◆ **INSTRUCTIONS FOR THE TASK**: The output is the line containing "Photo 2: Hôtel" plus every later line down to the end of the listing below, copied exactly. No pictures belong in it.

◆ **DATA SHOWN**:
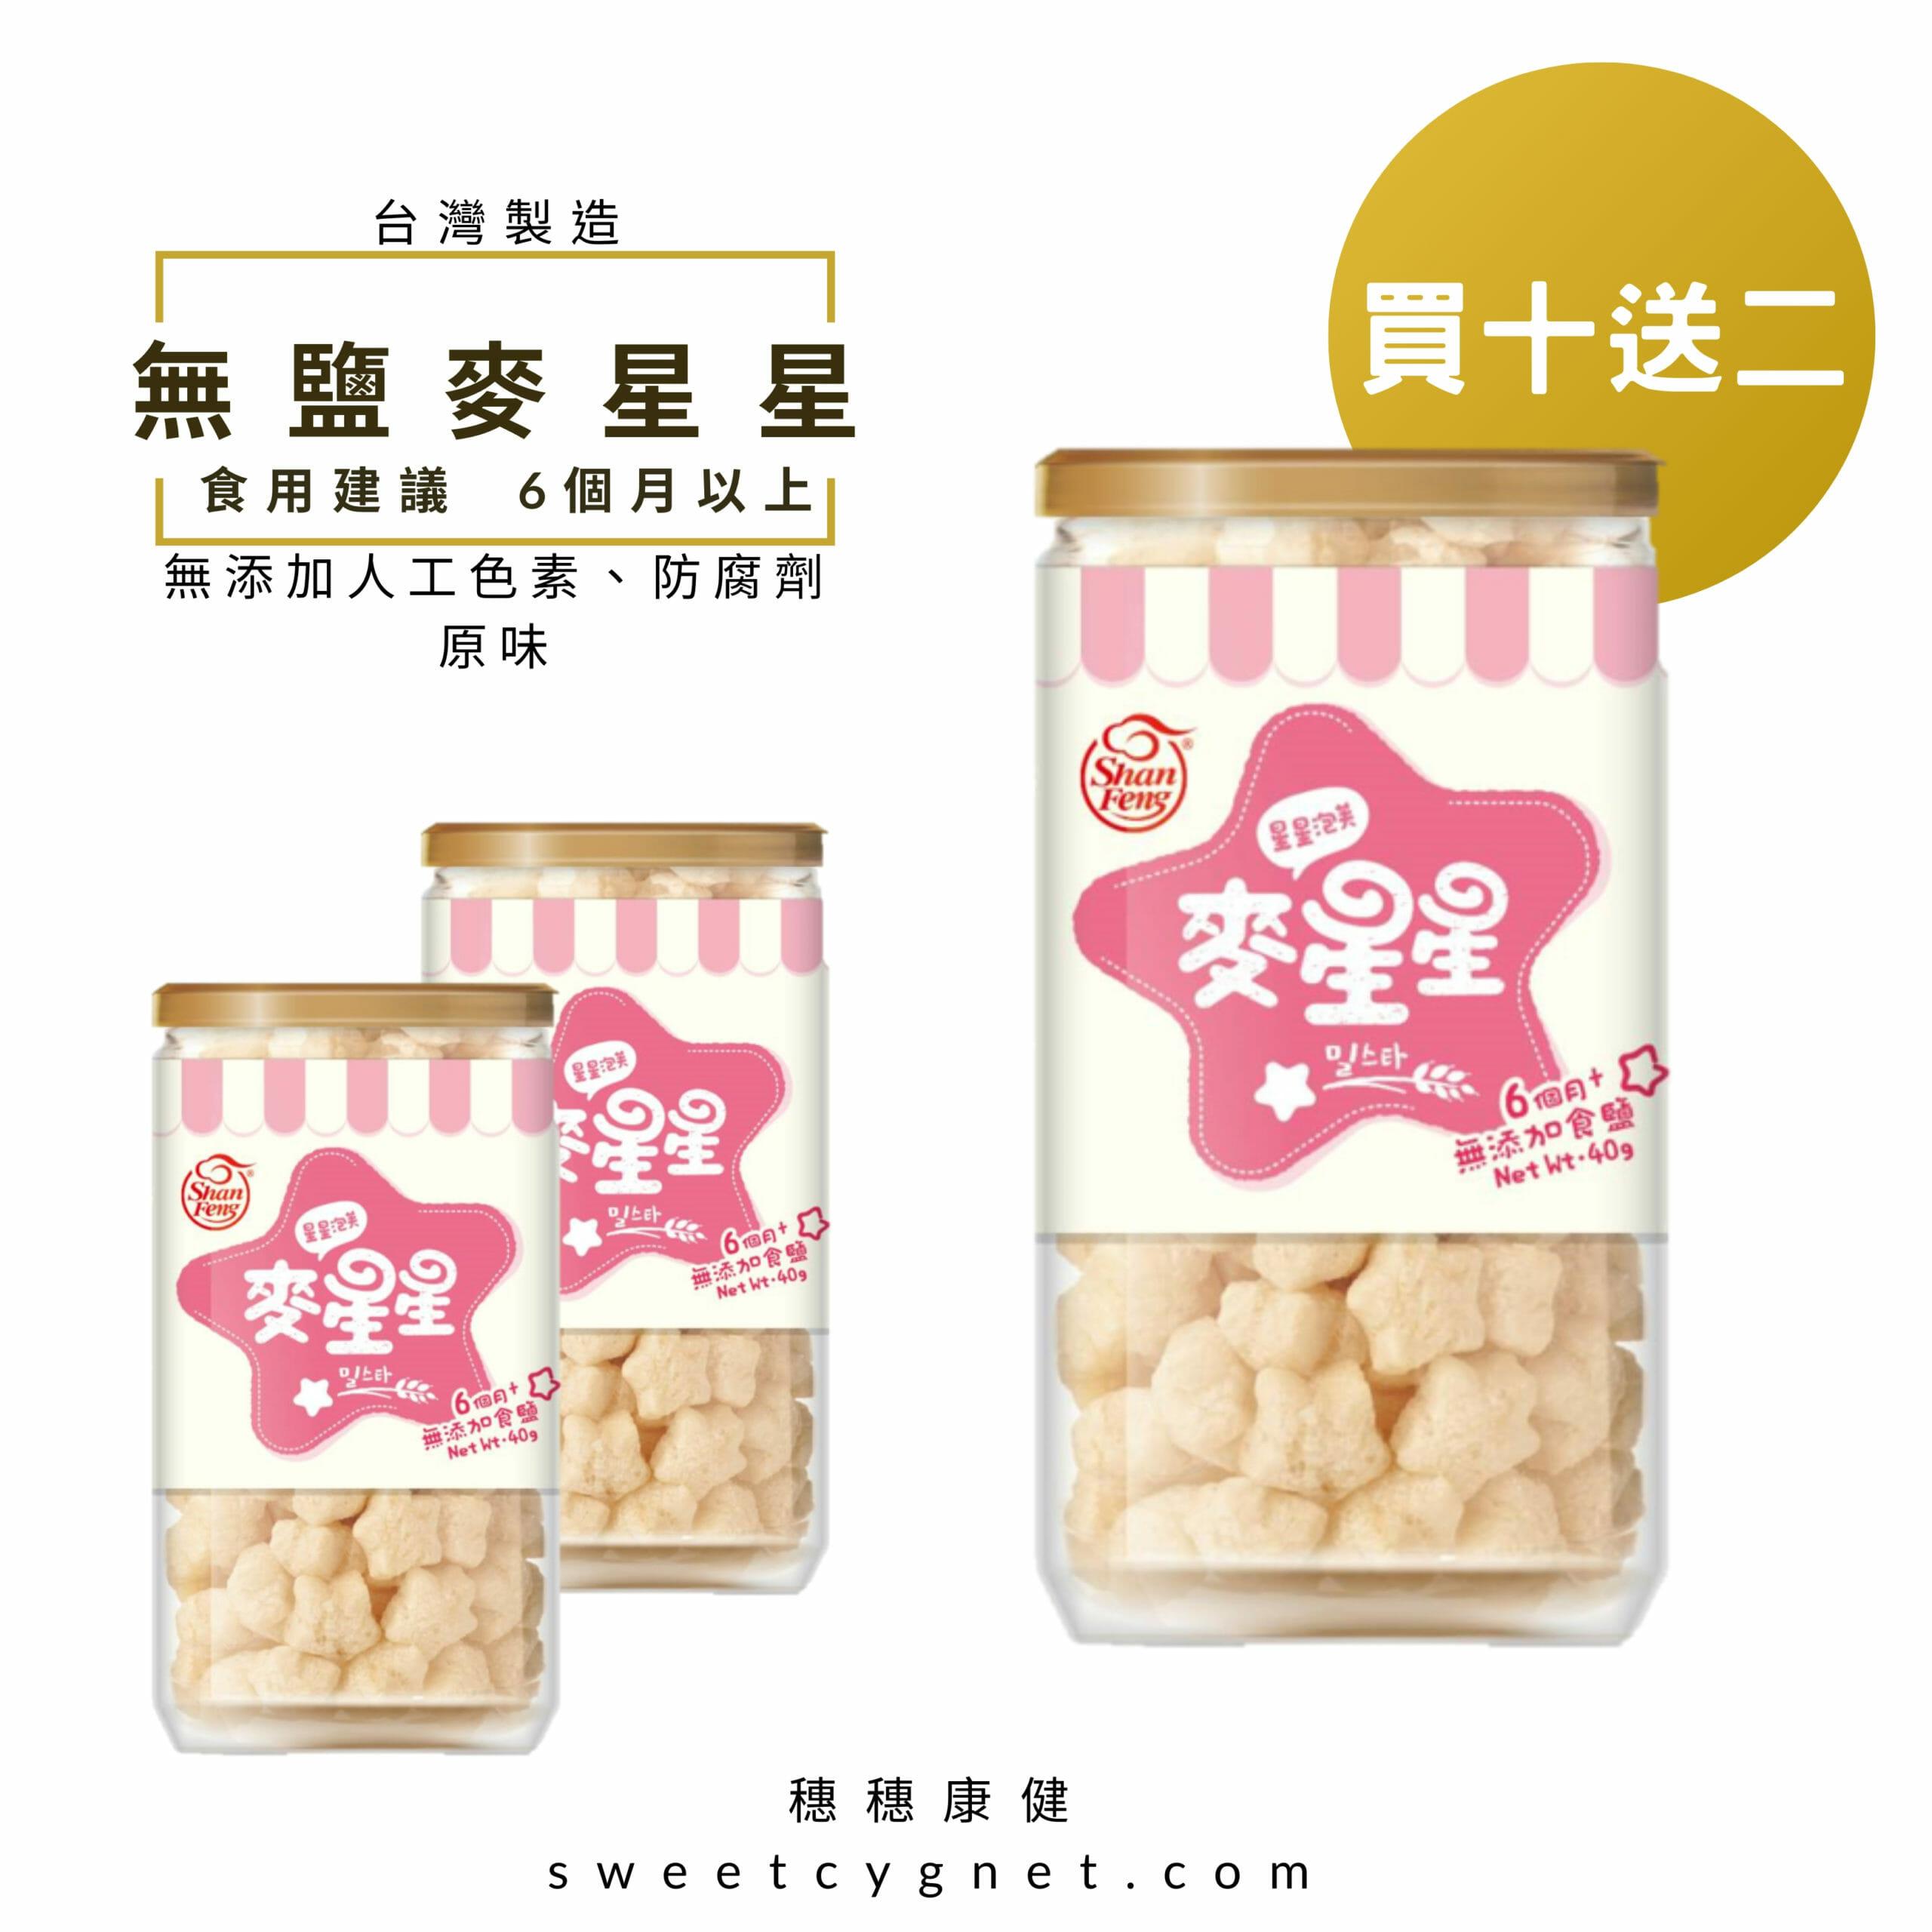 麥星星-小麥原味-40g (12罐入) 10
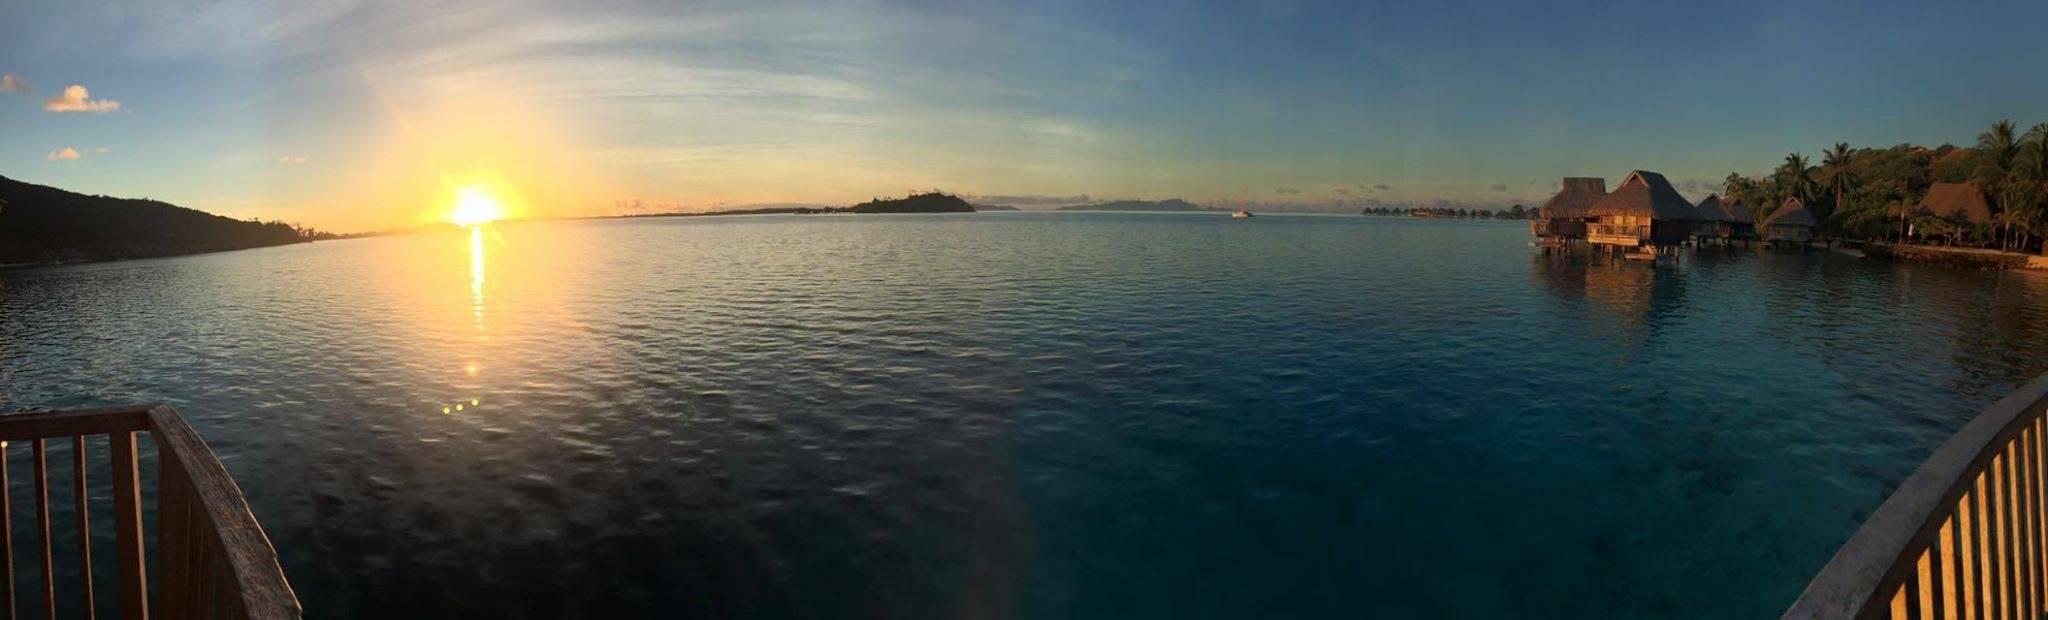 Photo 2: Hôtel Maitai Bora Bora, comme dans un rêve
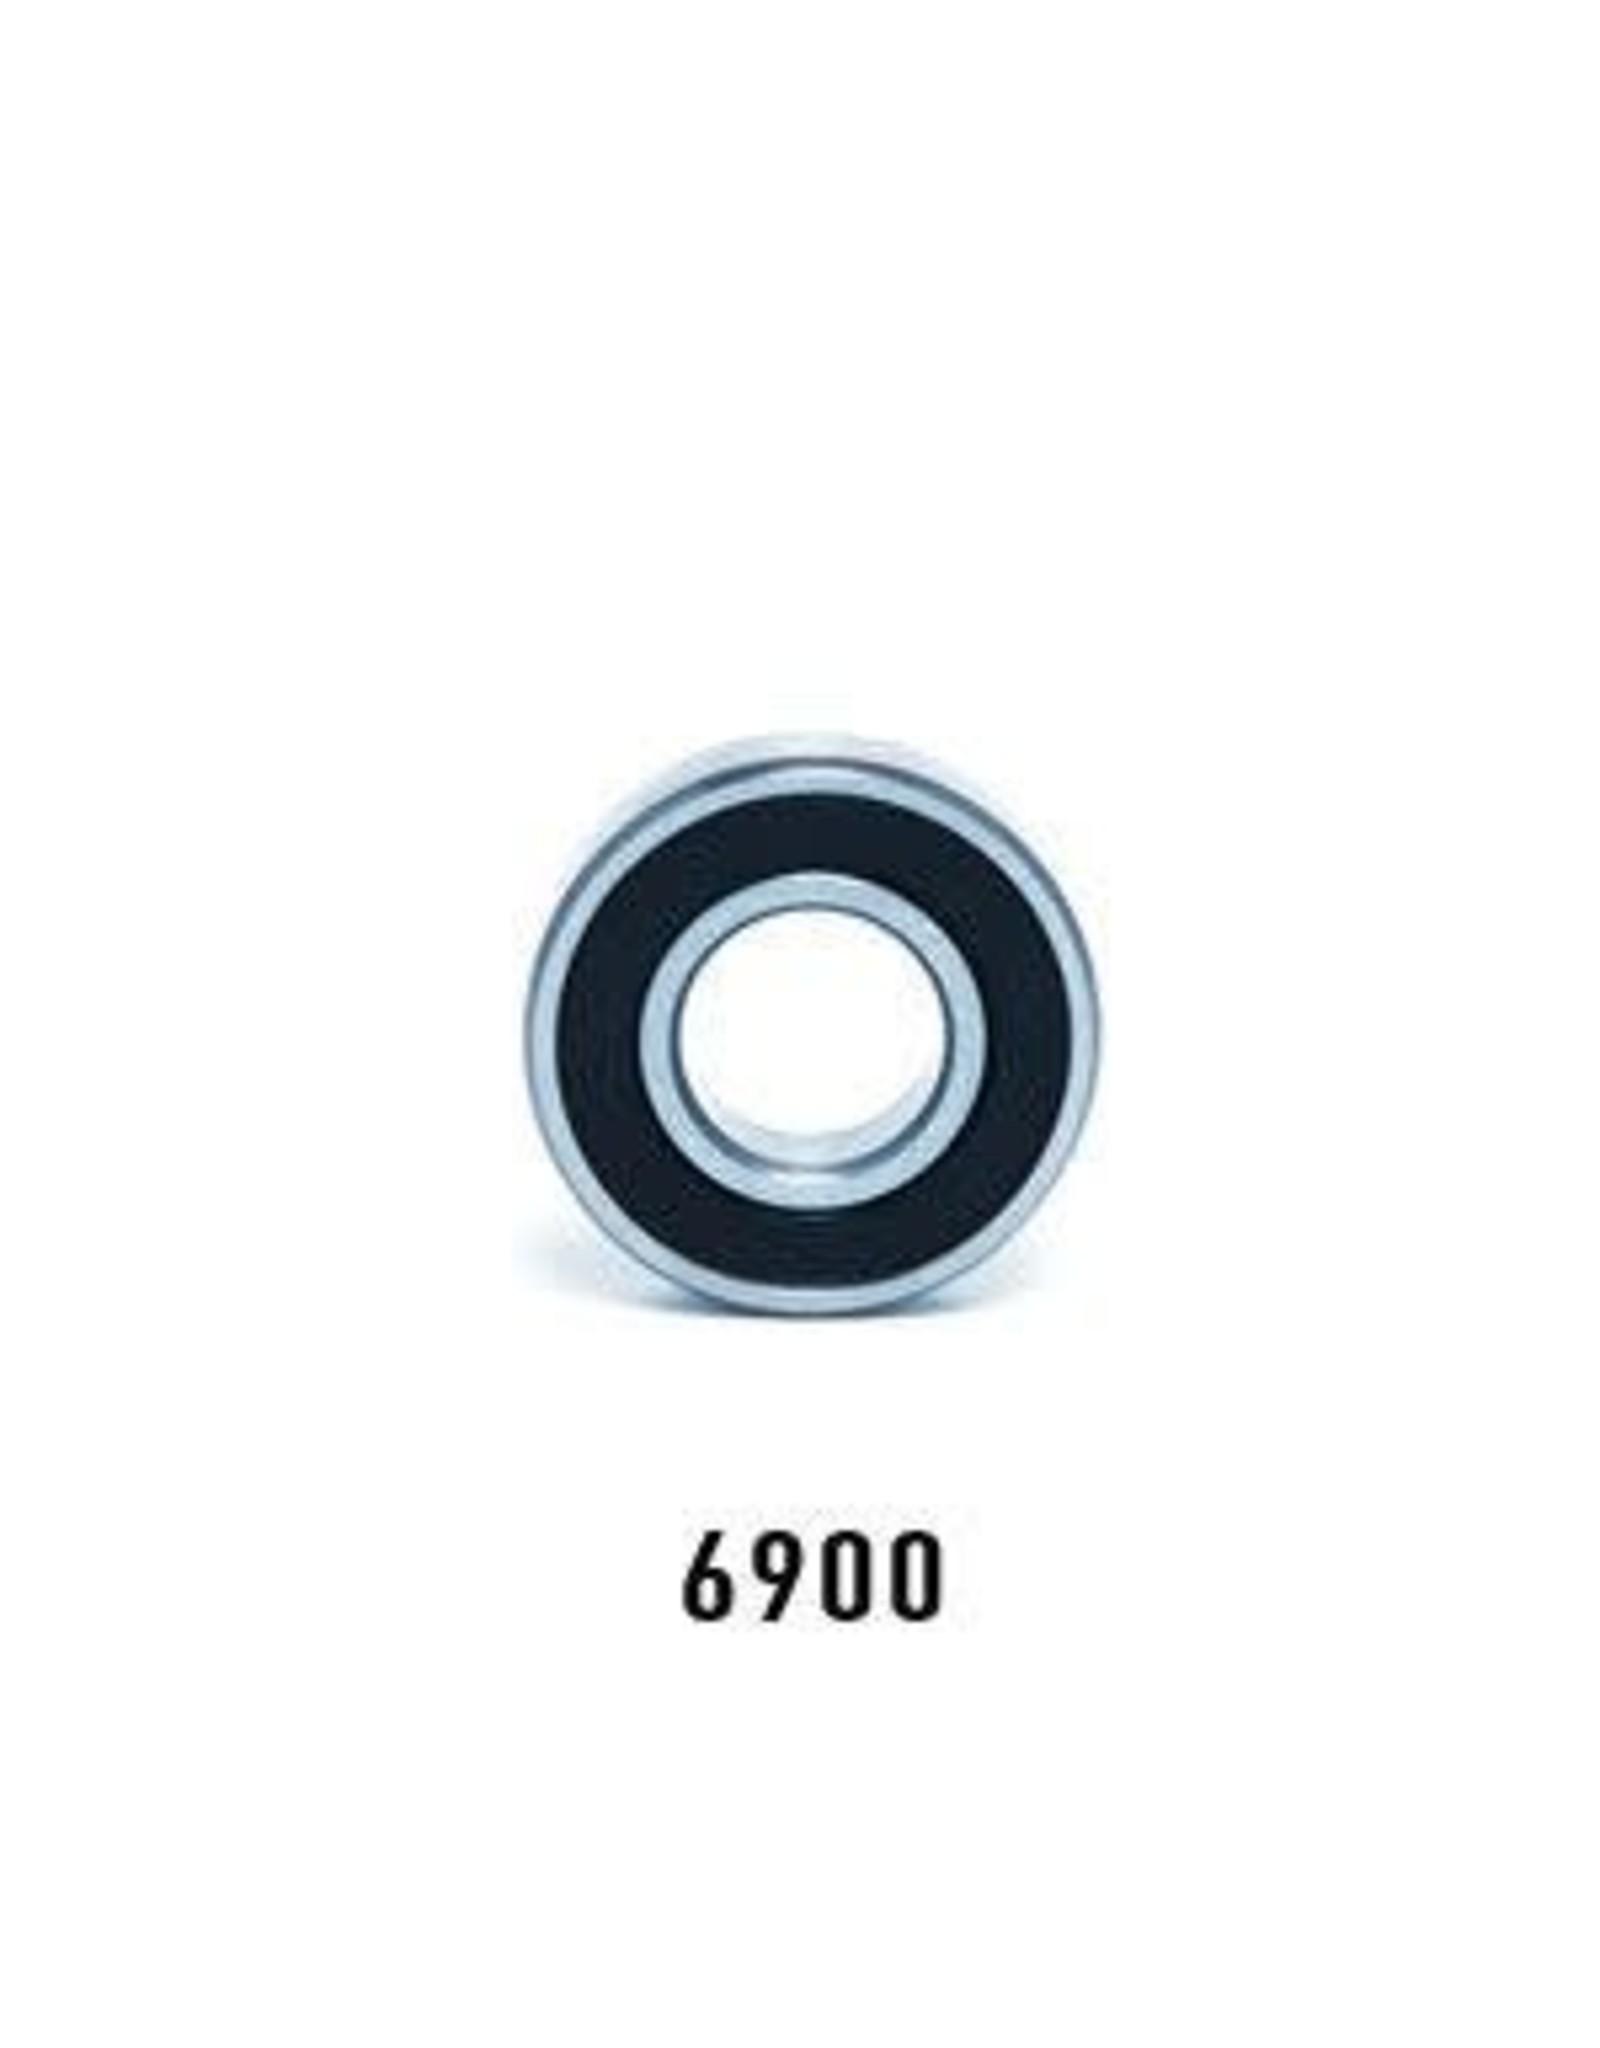 WHEELS MANUFACTURING Wheels Manufacturing Sealed Bearing 6900-2RS Pair

◆ **FINISHED EXERCISE**:
 Photo 2: Hôtel Maitai Bora Bora, comme dans un rêve
 WHEELS MANUFACTURING Wheels Manufacturing Sealed Bearing 6900-2RS Pair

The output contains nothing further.